The data that follows is to be copied exactly, with each image removed.

(Beginning of Collected data)

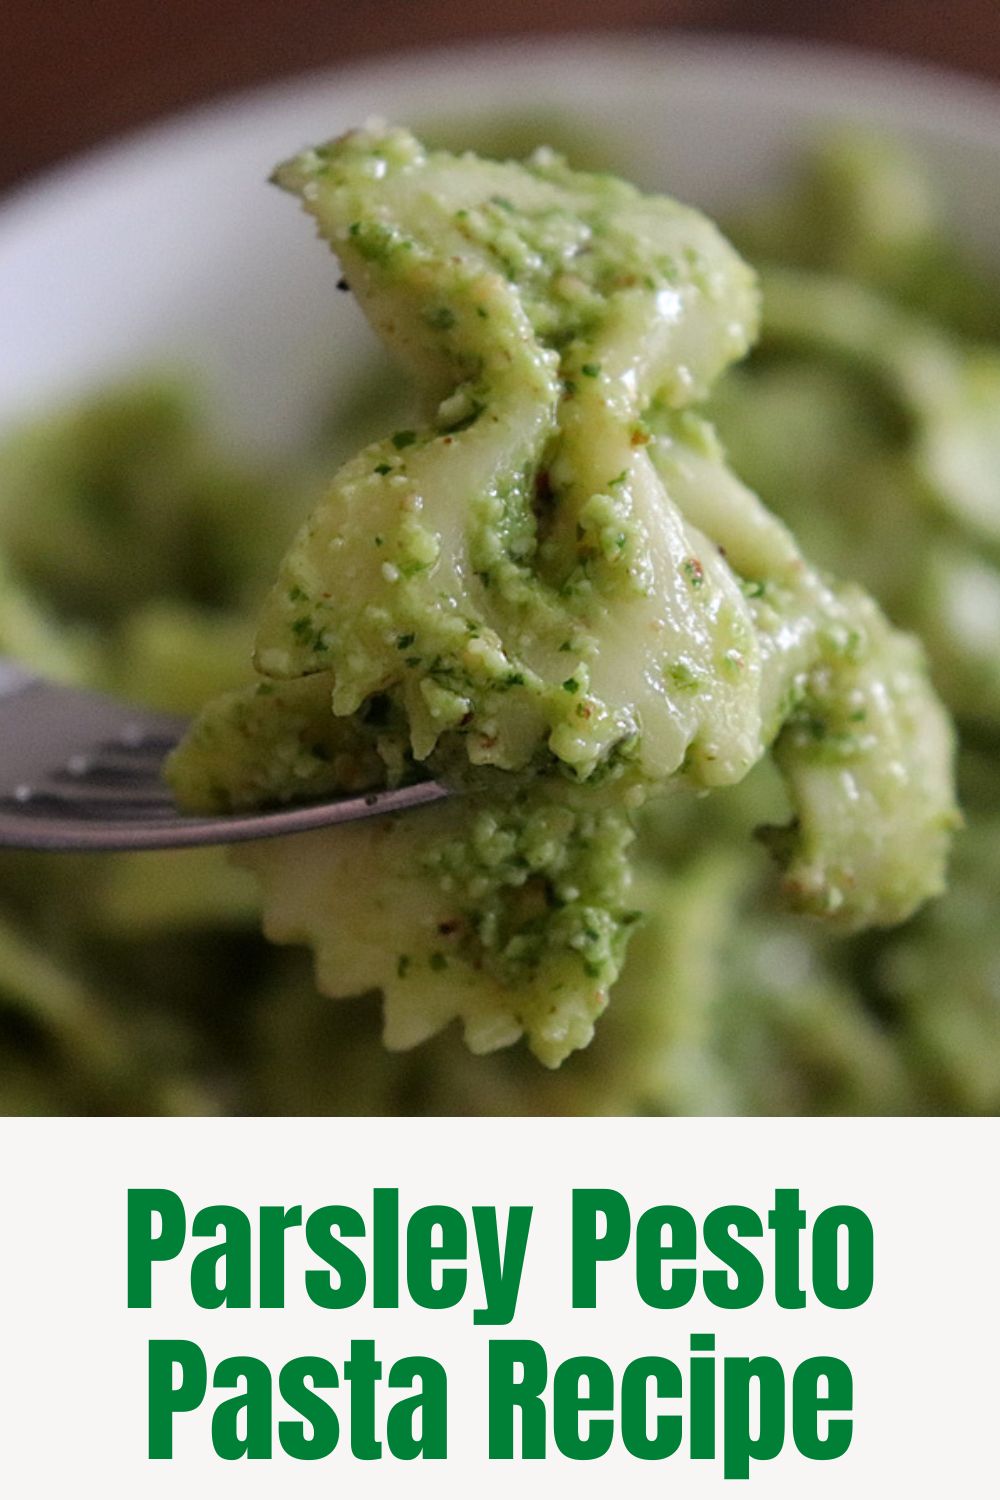 PIn for Easy Parsley Pesto Pasta Recipe
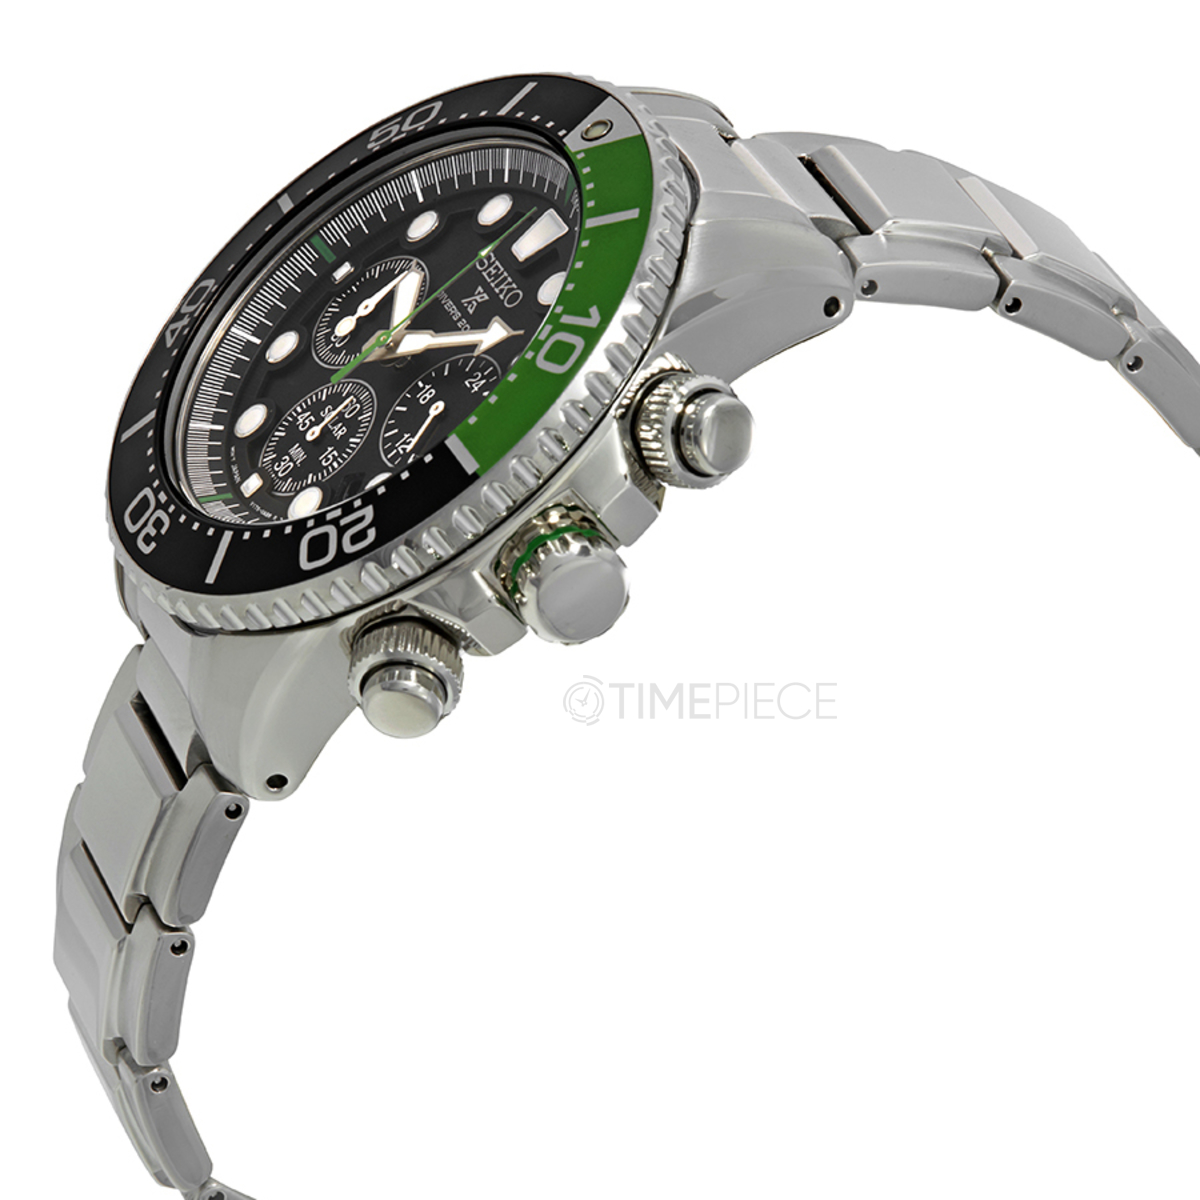 Seiko SSC615 Prospex Eco-Drive Watch
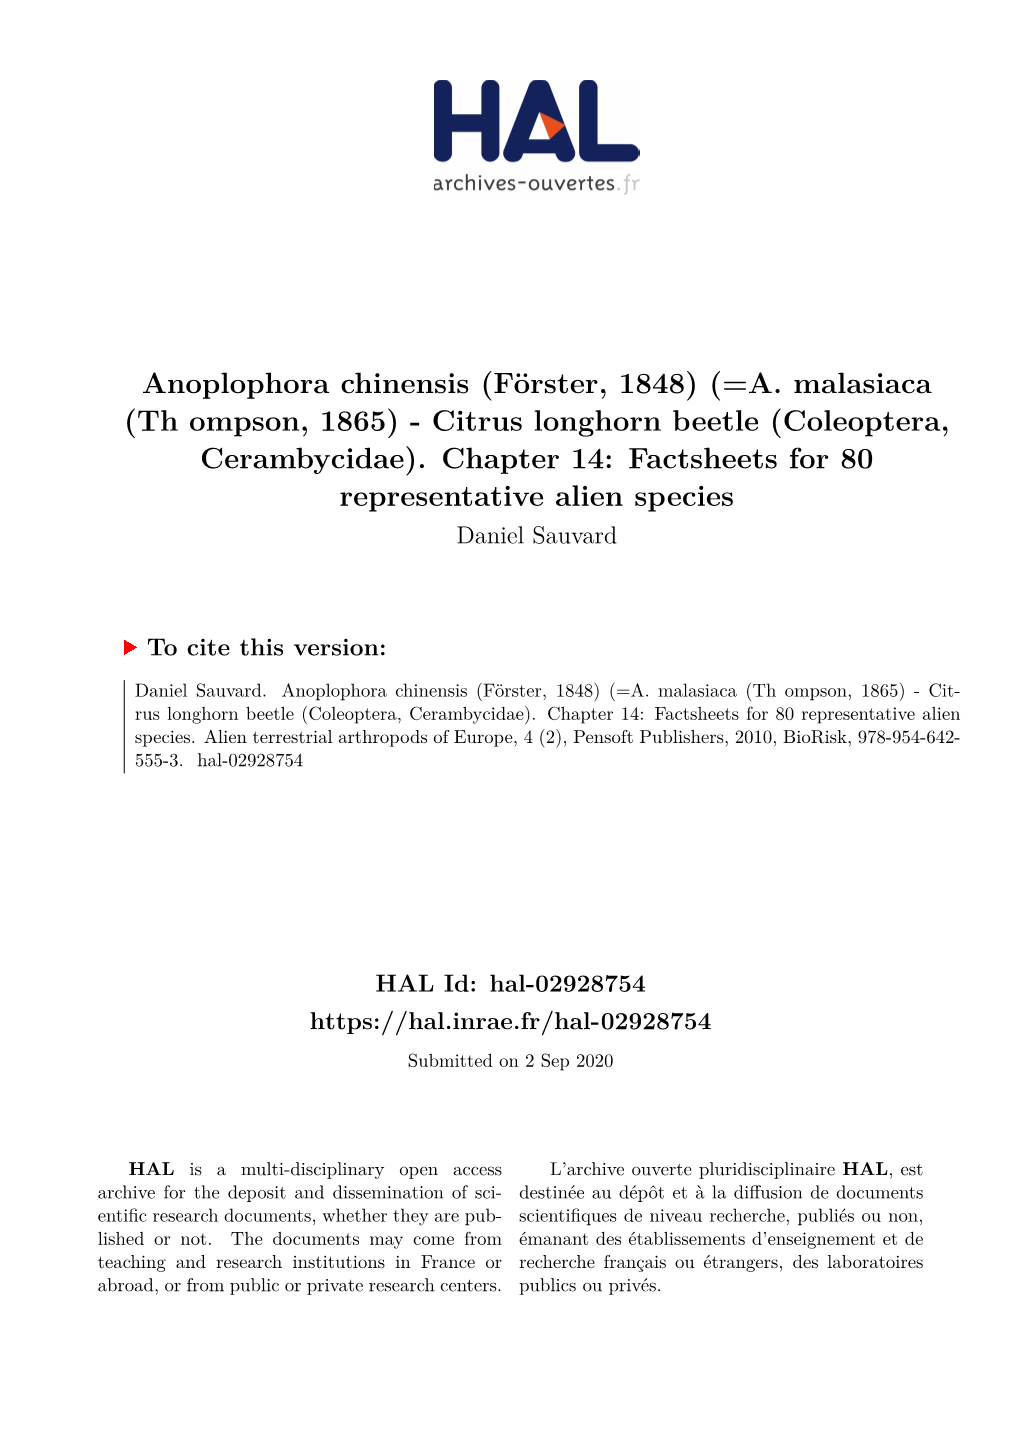 Anoplophora Chinensis (Förster, 1848) (=A

(End of Collected data)

**Task output:**
 PIn for Easy Parsley Pesto Pasta Recipe
 Seiko SSC615 Prospex Eco-Drive Watch
 Anoplophora Chinensis (Förster, 1848) (=A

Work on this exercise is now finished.